Faut-il vous dire que je tiens ces racontars pour de pures médisances? Ce qui est certain, c'est que j'ai souvent reçu—et, sans doute, vous comme moi,—sous belles enveloppes cachetées, avec des affranchissements de quinze centimes, des prospectus très explicites de ces agences discrètes qui se chargent «de toutes recherches délicates dans l'intérêt des familles». La «surveillance» est une des mamelles qui les font vivre; l'autre c'est le «flagrant délit concerté».
—J'ai connu, m'a dit un praticien du divorce, beaucoup de gens qui avaient eu la faiblesse de céder à ces sollicitations. Il m'en vient encore tous les jours qui me disent: «J'ai reçu un prospectus d'agence...» Je les mets en garde contre la tentation de s'en servir. En effet, la plupart du temps, l'expérience coûte horriblement cher et elle n'aboutit pas. Les agences fournissent à leur clientèle des romans très pathétiques... Si l'on se fie à leurs indications, on fait chou blanc. L'agence en est quitte pour s'excuser sur les difficultés des «filatures», sur un changement de fiacre qui a dépisté. Cependant, le «filateur», qui souvent a simplement pris la peine de rédiger son petit mémoire, d'imagination, dans une brasserie, en buvant des bocks, se fait communément payer soixante à quatre-vingts francs par jour.
Et cet homme d'expérience ajoutait:
—Si l'on est décidé à organiser un flagrant délit, il vaut mieux opérer soi-même, traiter de gré à gré avec une belle personne, experte à jouer la comédie de l'amour, qui ne s'effraye pas trop à la pensée que deux hommes à la fois, l'amoureux et le commissaire, la verront dans un déshabillé galant. Mais que d'embarras se préparent, dans la suite, les imprudentes qui usent de tels moyens pour se défaire de leurs maris! Leurs complices les font aller où elles veulent. Elles menacent d'avertir le mari, le commissaire de police, le Tribunal, de la fourberie de leur connivence. On en a vu qui feignaient les remords. Et un remords, voyez-vous, chez un complice qui est maître de votre secret, c'est encore plus dispendieux à nourrir que le simple et normal appétit de chantage.

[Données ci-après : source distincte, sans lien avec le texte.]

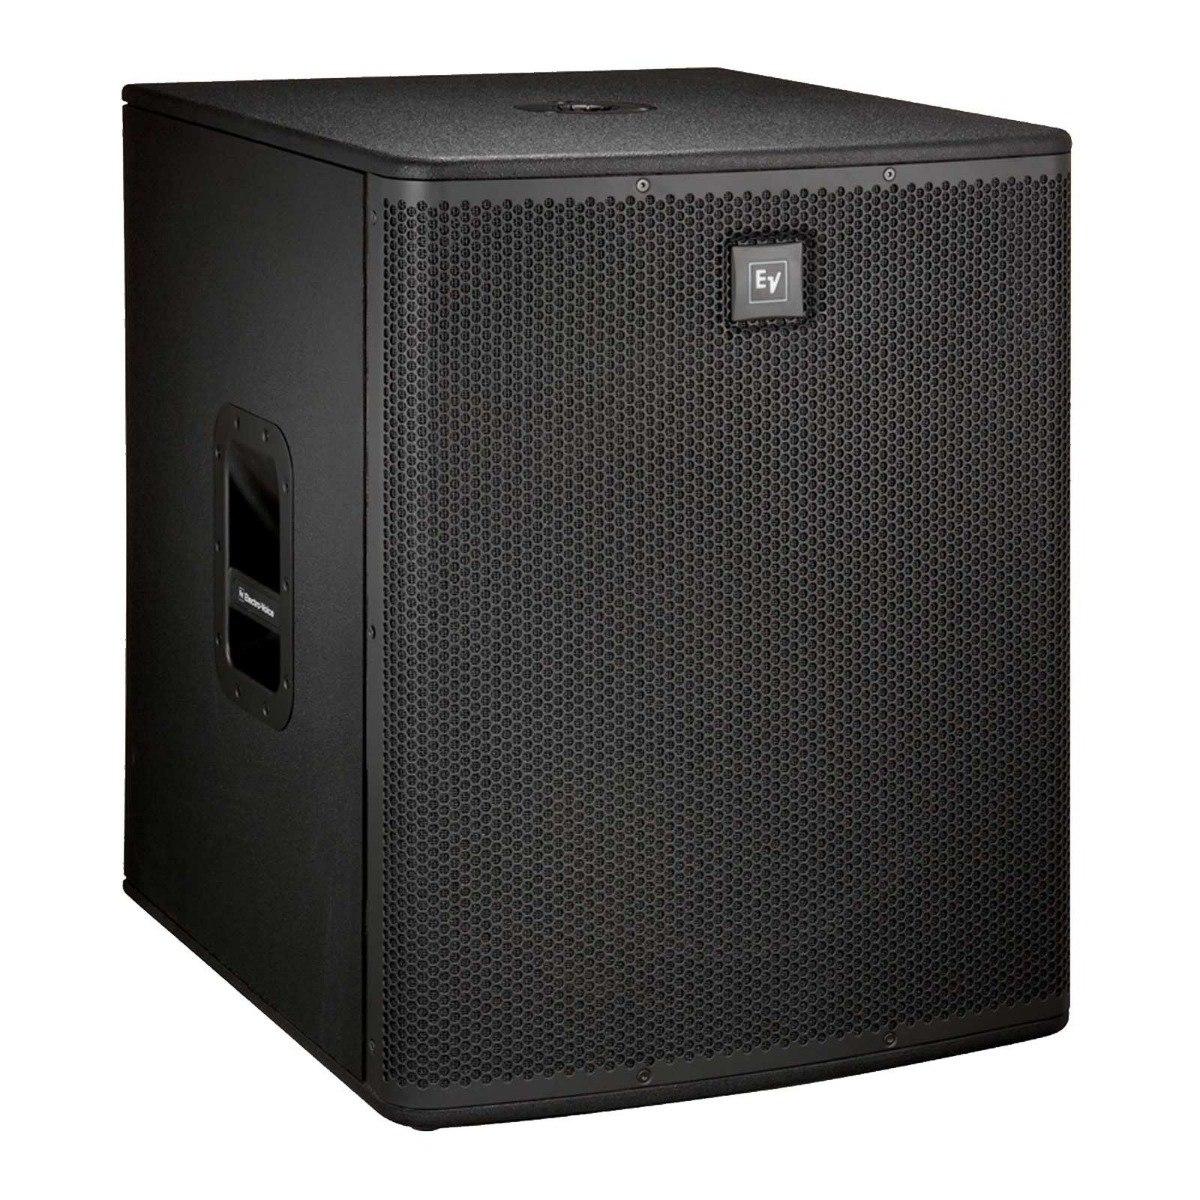 subwoofer activo electro voice elx 118p vm import sac vm import sac. Black Bedroom Furniture Sets. Home Design Ideas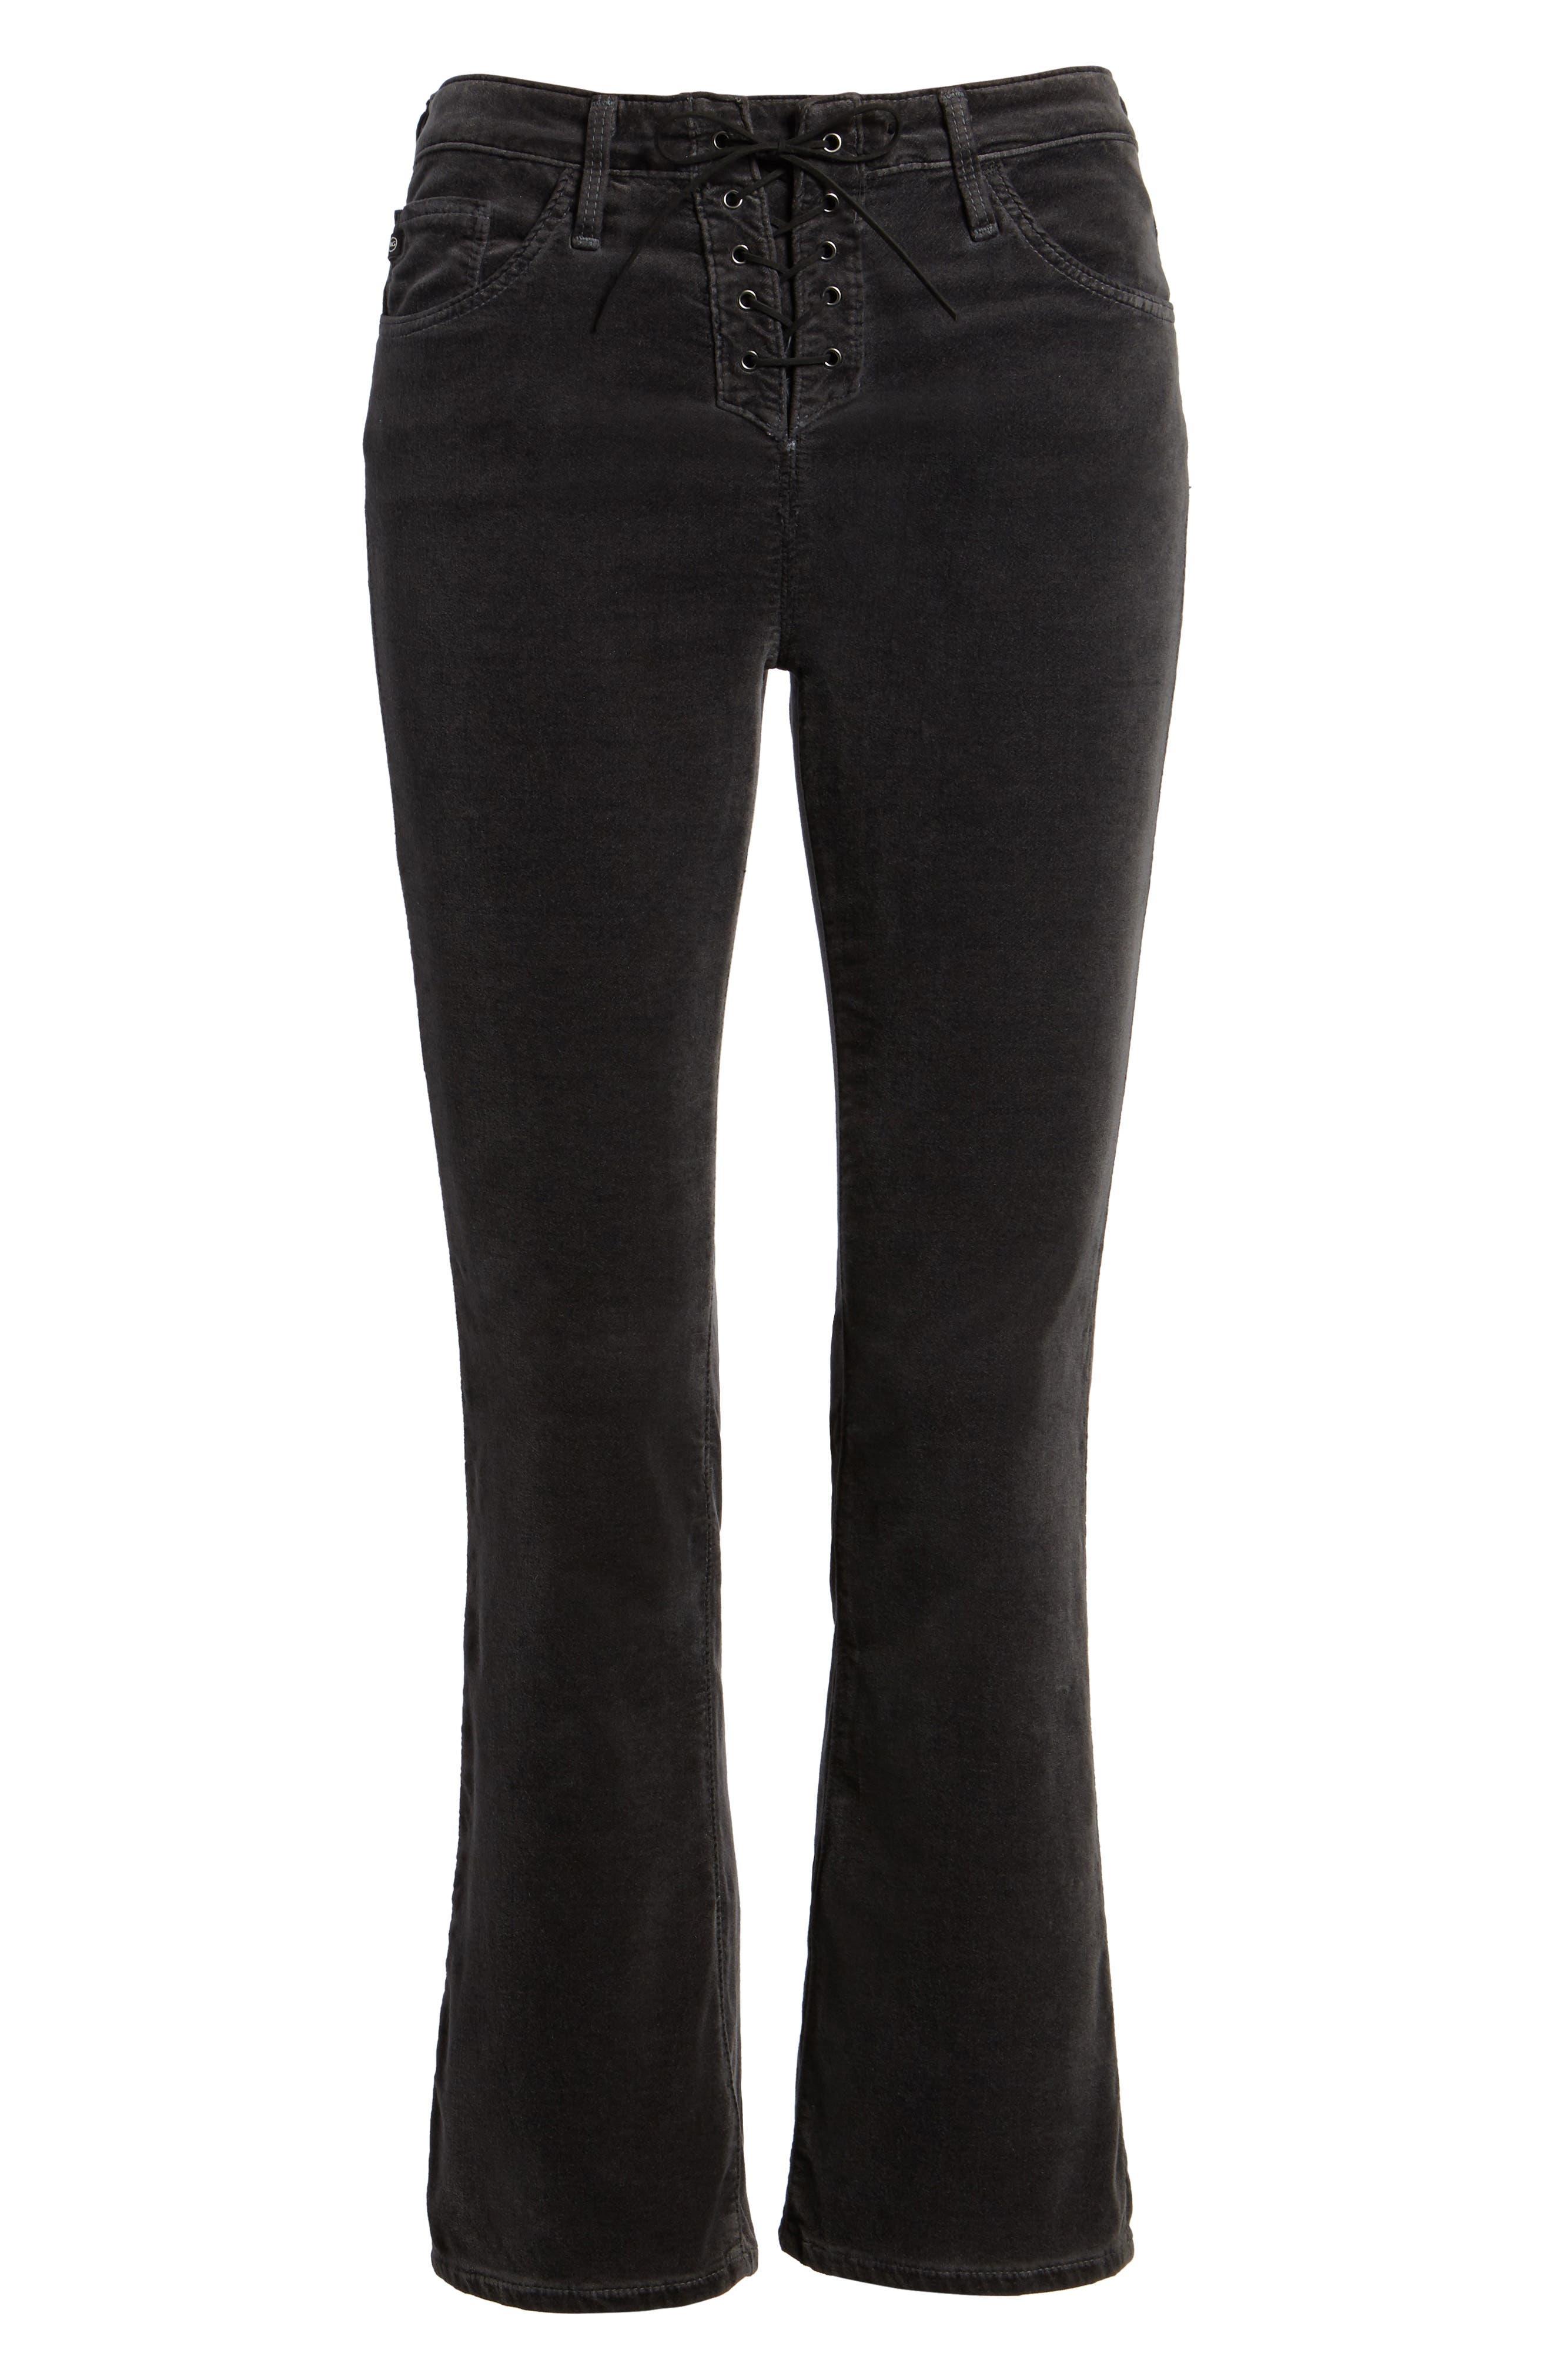 Jodi Lace-Up Crop Jeans,                             Alternate thumbnail 6, color,                             003

Malgré ces sages conseils, le flagrant délit truqué aura toujours des amateurs: il y a des gens qui savourent, avec une volupté presque sadique, les émotions de la chasse à l'affût.
Avec l'adultère de commun accord, non seulement toléré par les époux, mais amicalement accepté, la comédie s'élargit encore.
Il ne faudrait pas croire qu'il soit seulement en usage dans le peuple, le petit contrat, que des époux, rassasiés l'un de l'autre, et pourtant bons camarades, se signent, bénévolement, après dîner, enchantés de se trouver si d'accord, et de régler leurs affaires sans tapage, sans dépenses, sans intervention de magistrats.
Sans doute les maçons, les journaliers, tout le petit peuple qui vit dans la promiscuité de ces grandes casernes de misère où les mœurs du phalanstère renaissent nécessairement, ont une tendance à passer, sans gêne ni souci, à travers les scrupules de la loi, comme de très petits oiseaux par les mailles d'un filet trop large. Mais j'ai là sous les yeux cinq ou six affaires typiques où des bourgeois, des négociants, sont en cause.
Voici deux couples qui habitaient la même maison. Ils vivaient amis et se fréquentaient assidûment. Un beau soir,—en tirant les Rois,—ils s'avisent que ce serait tout à fait divertissant d'en user comme au quadrille où l'on change de dames. Il se trouve que les quatre volontés sont consentantes. M. X... a depuis longtemps du goût pour madame Y..., qui le trouve charmant; M. Y... a le cœur touché au vif par la grâce de madame X..., et il en est agréé. Pourquoi ces quatre conjoints se rendraient-ils malheureux? L'échange qu'on va faire met les maris au-dessus du ridicule et les femmes à l'abri de la jalousie. Il ne reste donc qu'à trouver une formule de contrat. On la rédige séance tenante:
«Il est entendu qu'à partir de ce jour, moi, X..., je concède à Y... ma femme Juliette. Il me donne en échange sa femme Ernestine.»